Habib Ahmad bin Novel: Ulama dan Habaib Nusantara Bangga pada Identitas Keindonesiaan
Senin, 7 Februari 2022 | 22:30 WIB
Di Jakarta dikenal “Tiga Serangkai” habaib, yaitu Habib Ali Kwitang, Habib Ali Bungur (Senen), dan Habib Salim bin Jindan Al-Indunisi Al-Jawi. Semuanya, kata Habib Ahmad, menisbahkan dirinya pada daerah di Indonesia.
Jakarta, NU Online
Salah seorang pengasuh Yayasan Al-Fachriyah, Ciledug, Tangerang, Habib Ahmad bin Novel bin Salim bin Jindan menunjukkan kecintaan ulama Nusantara dan habaib yang ada di Indonesia pada daerah masing-masing. Menurut Habib Ahmad, indentitas keindonesiaan itu ditunjukkan oleh ulama Nusantara dan habaib dengan penisbahan nama daerah di belakang nama mereka pada karya mereka.
Demikian disampaikan Habib Ahmad dalam acara ‘Pekan Memorial Syekh Nawawi Banten’ di The Sultan Hotel dan Residence, Gelora, Tanah Abang, Jakarta Pusat, Senin-Selasa (7-8/2/2022).

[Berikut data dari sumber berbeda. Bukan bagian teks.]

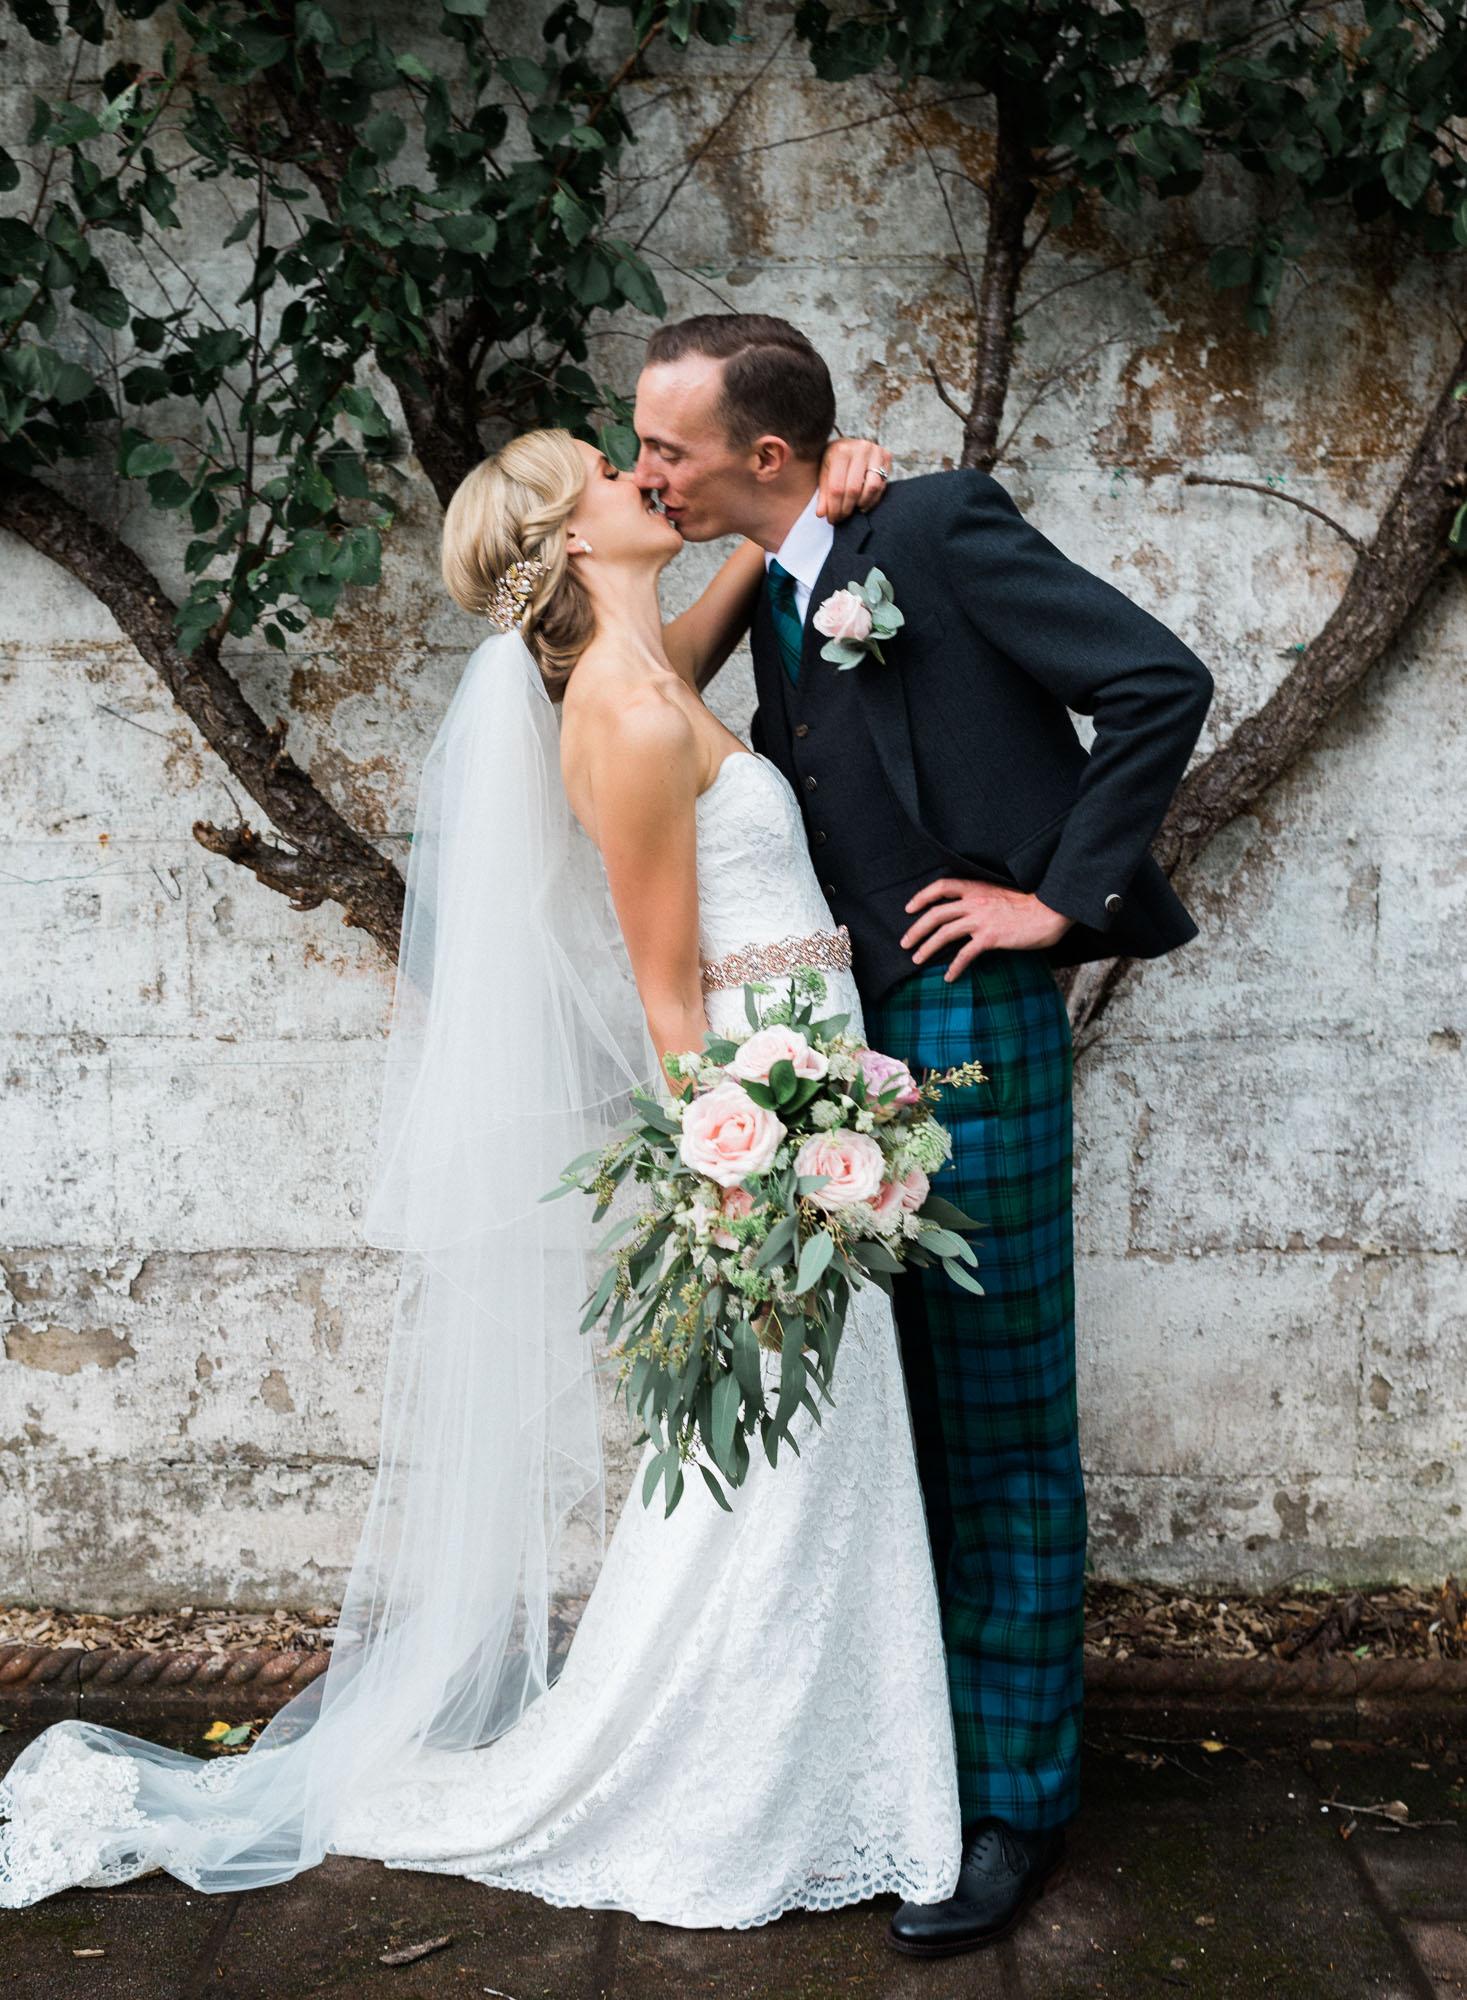 scottish_wedding_blairquhan_castle-50.jpg

Habib Ahmad mencontohkan bagaimana Syekh Nawawi yang sangat terkenal di lingkungan intelektual di Timur Tengah menasabkan dirinya pada daerah Banten. Demikian juga dengan Syekh Yasin bin Isa yang menasabkan dirinya pada Padang sebagai daerah asalnya.
“Identitas keulamaan Syekh Nawawi Al-Bantani (Banten) dan ulama Indonesia setenar dan sepopuler apapun, nisbah kepada Indonesianya tidak dapat dilepaskan. Syekh Yasin bin Isa Al-Fadani (Padang). Habib Salim bin Jindan selalu mencantumkan namanya dengan nasab Al-Indunisi Al-Jawi (Indonesia, Nusantara),” kata Habib Ahmad.
Habib Ahmad juga menunjukkan contoh lain di kalangan habaib. Di Jakarta dikenal “Tiga Serangkai” habaib, yaitu Habib Ali Kwitang, Habib Ali Bungur (Senen), dan Habib Salim bin Jindan Al-Indunisi Al-Jawi. Semuanya, kata Habib Ahmad, menisbahkan dirinya pada daerah di Indonesia.
“3 Serangkai di Jakarta terkenal, Habib Ali Bungur, Habib Ali Kwitang, Habib Salim bin Jindan Al-Indunisi Al-Jawi. Mereka orang yang terikat dengan keindonesiaan. Mereka bangga dengan identitas keindonesiaannya,” kata Habib Ahmad.
Ia menambahkan, biasanya orang yang memiliki banyak ilmu cenderung menjadi lupa daratan. Yang menarik dari masyarakat Indonesia adalah keilmuan yang dalam dengan akhlak terpuji, ramah, rendah hati, dan kasih sayang.
Ia mengatakan, kekayaan identitas seperti ini harus dijaga. Hubungan ulama Nusantara dan Timur Tengah sudah hadir sejak dulu. Sunan Gunung jati dan Syekh Abu Zakariya Al-Anshari berhubungan. Demikian juga Habib Abdullah bin Alwi Al-Haddad yang bertemu dengan Syekh Yusuf Al-Maqassari.
“Kekayaan masyarakat Indonesia adalah ilmu pengetahuan agama. Kita memiliki kekayaan khazanah. Pengaruhnya tidak hanya di Makkah tempat Syekh Nawawi mukim, tapi manfaatnya sampai pada masyarakat Indonesia dan juga berbagai belahan dunia,” kata Habib Ahmad.
Hadir sebagai narasumber dalam peluncuran biografi ini A'wan PBNU Nyai Hj Badriyah Fayumi, Habib Ahmad bin Novel bin Jindan, dan peneliti kajian Nusantara Ahmad Baso. Biografi Syekh Nawawi Banten ditulis oleh Wakil Ketua Umum PBNU KH Zulfa Mustofa. Forum ini dimoderatori oleh Katib Syuriyah PBNU KH Abdul Moqsith Ghazali dan ditutup dengan doa oleh Katib Aam PBNU KH Said Asrori.